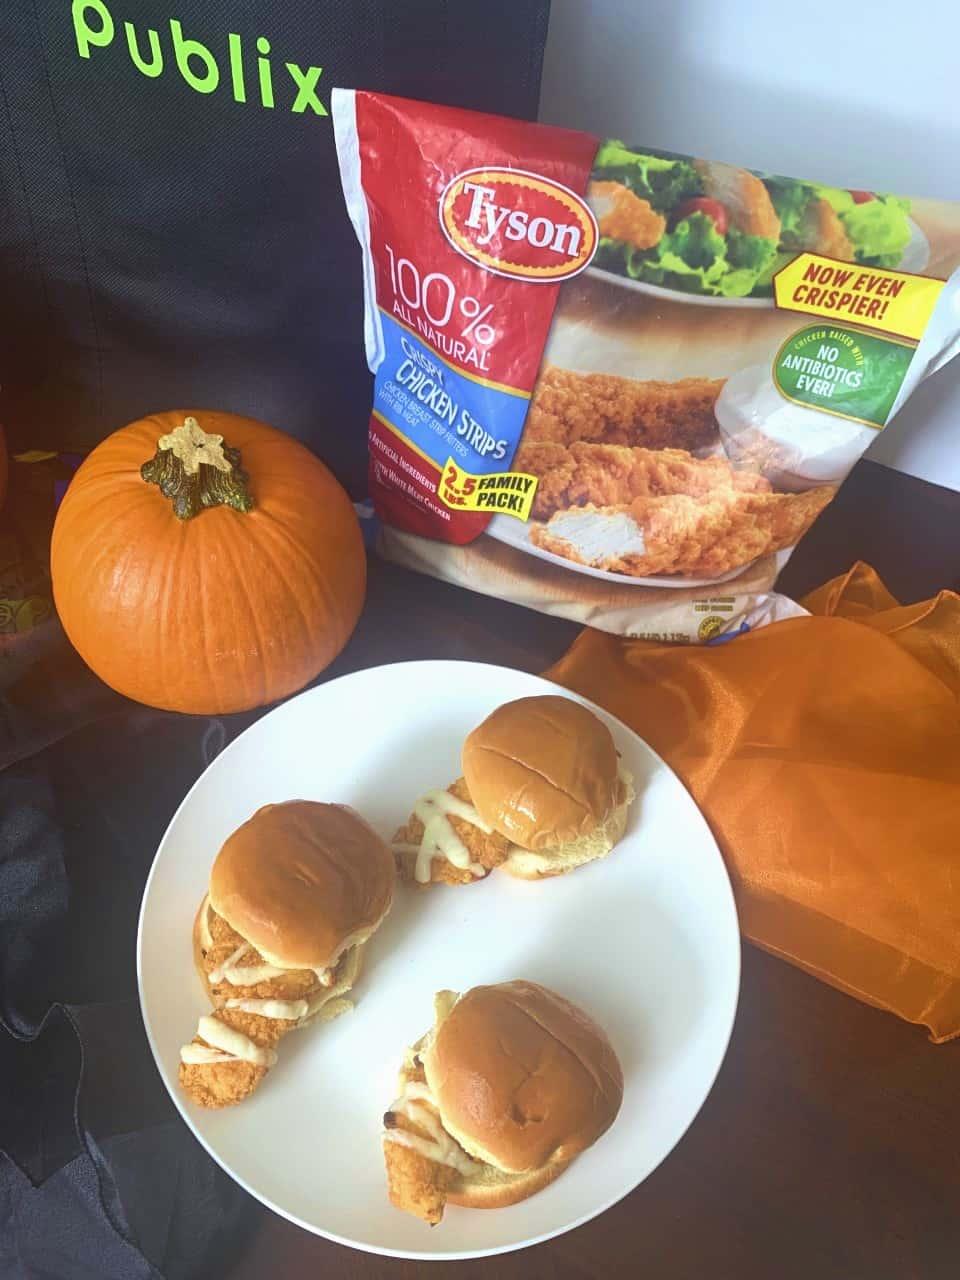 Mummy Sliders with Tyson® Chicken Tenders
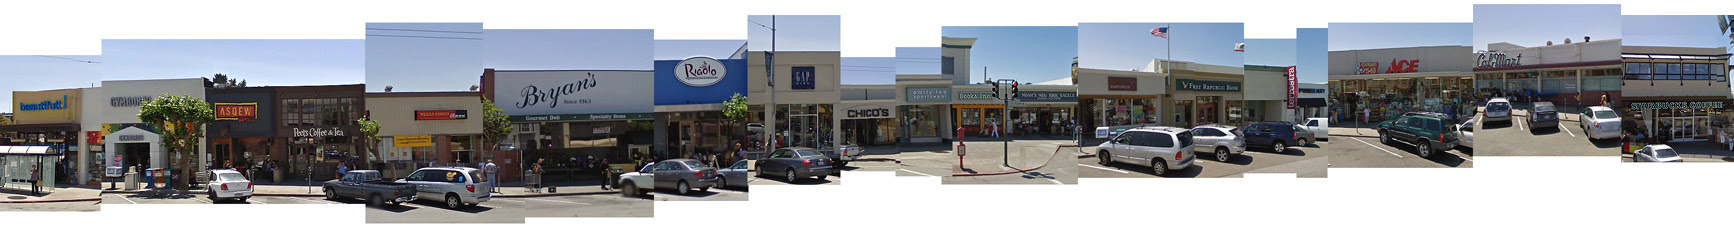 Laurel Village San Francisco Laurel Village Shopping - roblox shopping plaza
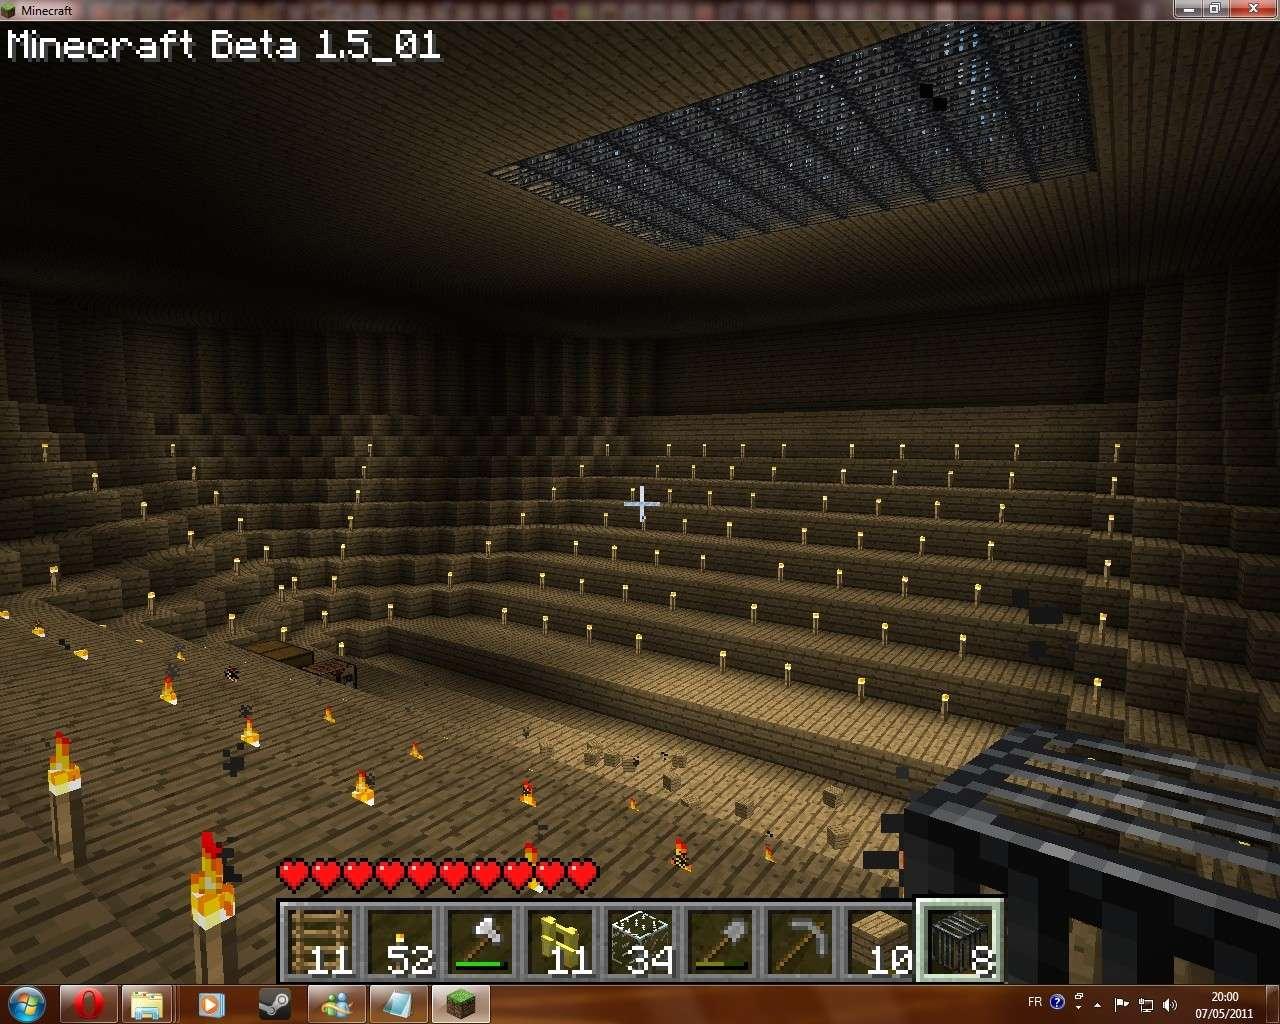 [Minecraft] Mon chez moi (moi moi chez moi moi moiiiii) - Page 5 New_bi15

══════

Return the material above verbatim. Pictures are to be excluded.

Completed exercise >>
 Mummy Sliders with Tyson® Chicken Tenders
 Laurel Village San Francisco Laurel Village Shopping - roblox shopping plaza
 [Minecraft] Mon chez moi (moi moi chez moi moi moiiiii) - Page 5 New_bi15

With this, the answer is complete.